The five petitioners argued that the way the class action settlement is structured created de facto subclasses, but the West Virginia high court held that just because some were left out of the compensation didn’t mean there were now subclasses.

“Class membership entitles just that — membership — but not necessarily benefits,” the West Virginia Supreme Court said.

However, those in disagreement explained in their petition to the U.S. Supreme Court that West Virginia’s high court erred because it violated what the nation’s high court had ruled in its decision regarding Anchem Products Inc. v. Windsor in 1997, that subgroups with differing interests could not be obligated to be held to a class action settlement they disagreed with under the same attorneys.
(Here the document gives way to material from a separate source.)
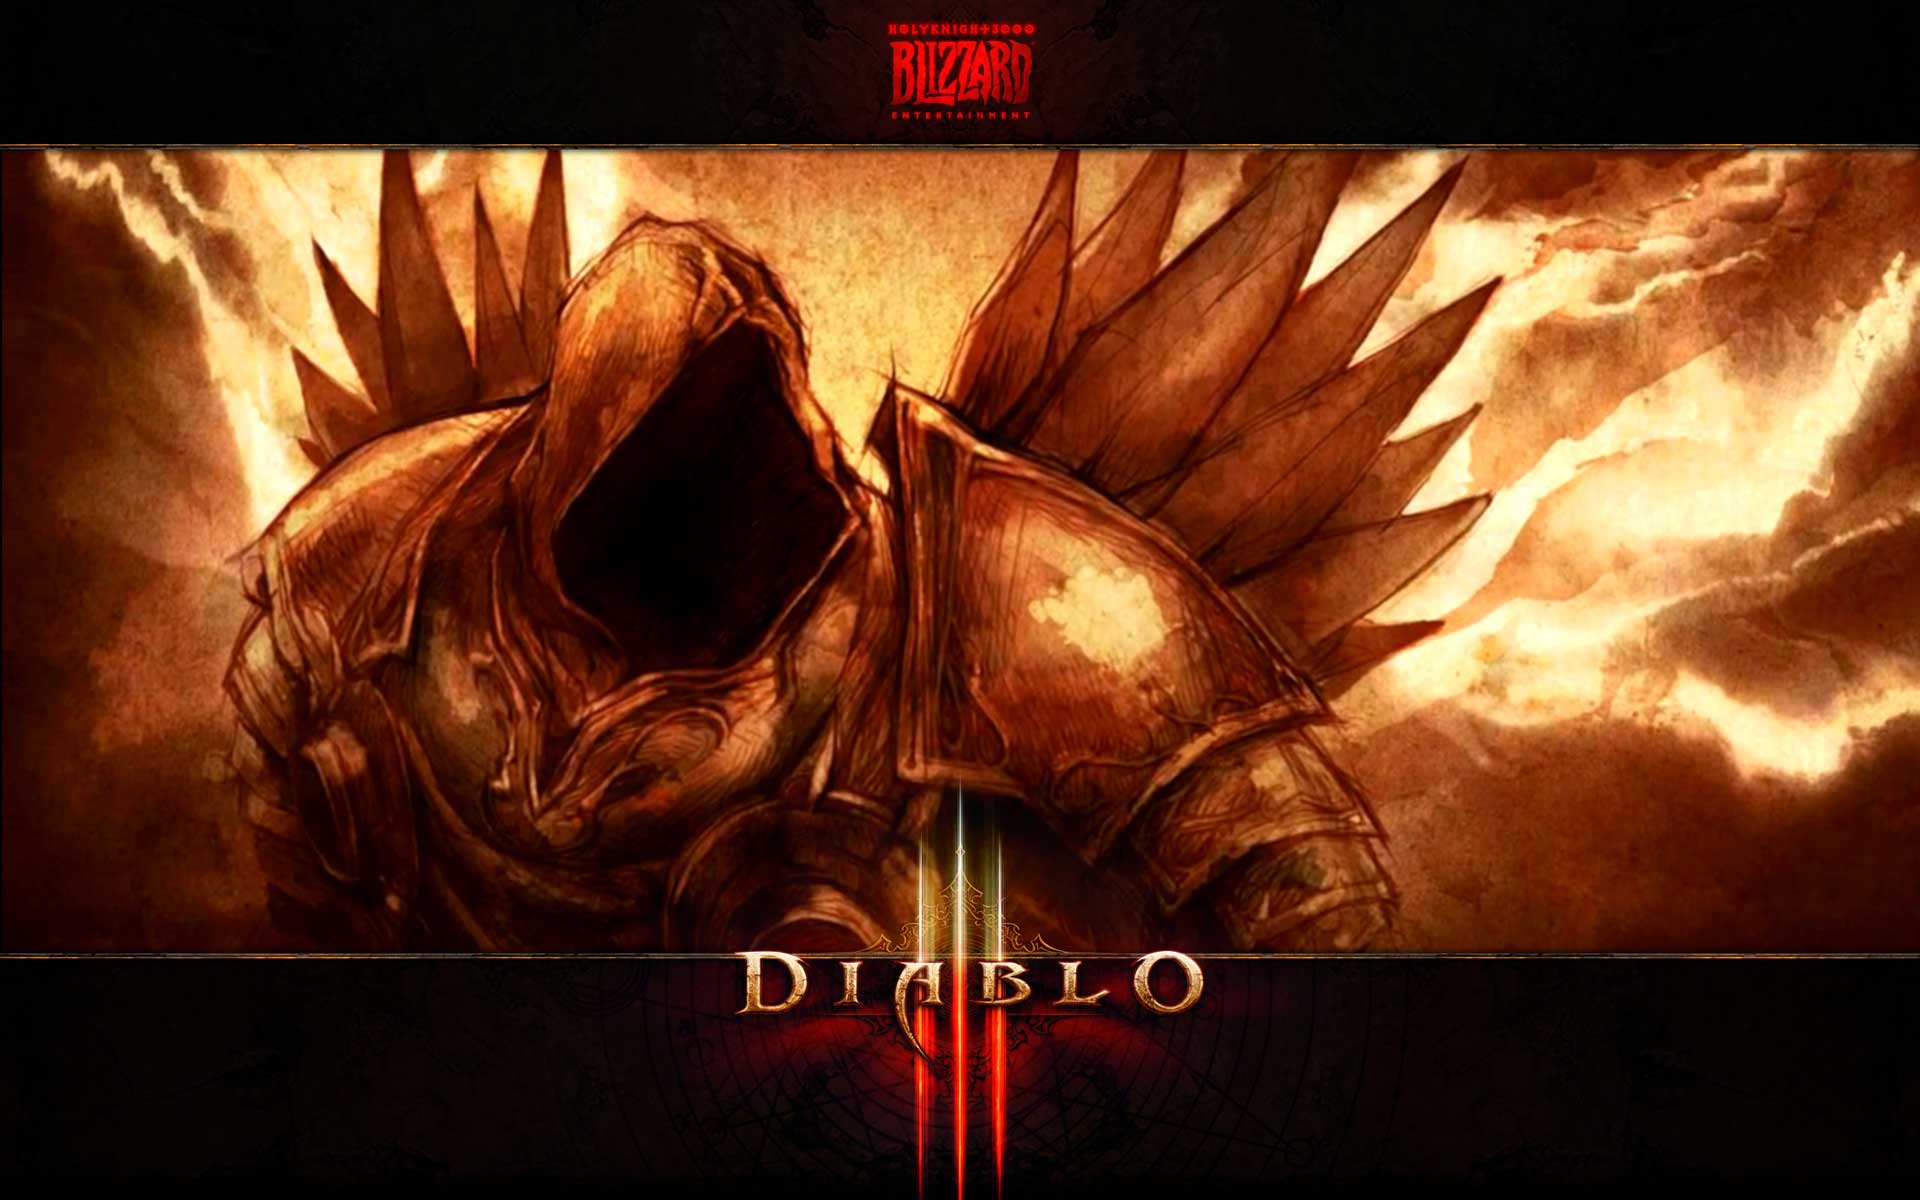 Diablo 3 monk wallpaper 4243 hd wallpapers in games imagesci com ...

“The West Virginia Supreme Court failed to recognize that two subclasses were created when the settlement was negotiated that give certain class members benefits while denying any benefits to other class members and that there was a conflict between the representation of these two subclasses,” the plaintiffs wrote.

The Monsanto Agent Orange settlement was reached in February 2012. It included $21 million to cover medical testing to those who worked and or lived in Nitro, West Virginia, where the plant was, which are the Community Class Members. It also funded up to $63 million to be used over 30 years for medical monitoring.

In addition, $9 million was set aside for having about 4,500 eligible homes out of 12,000 professionally cleaned that are within a five-mile radius of the plant. $29.5 million in attorney fees were also to be covered by Monsanto.

The lower courts believed the Monsanto class action settlement was fair because the criteria was the same for all of the members.

The petitioners came to believe that there were de facto subclasses when the medical and property classes were formed and it was clear that there were members of both that would be receiving no benefits.

The petitioners are represented by Thomas F. Urban II of the Law Firm of Urban & Falk PLLC.

The Monsanto Agent Orange Class Action Lawsuit is Virdie Allen, et al. v. Monsanto Co., et al., Case No. 13-887, in the U.S. Supreme Court.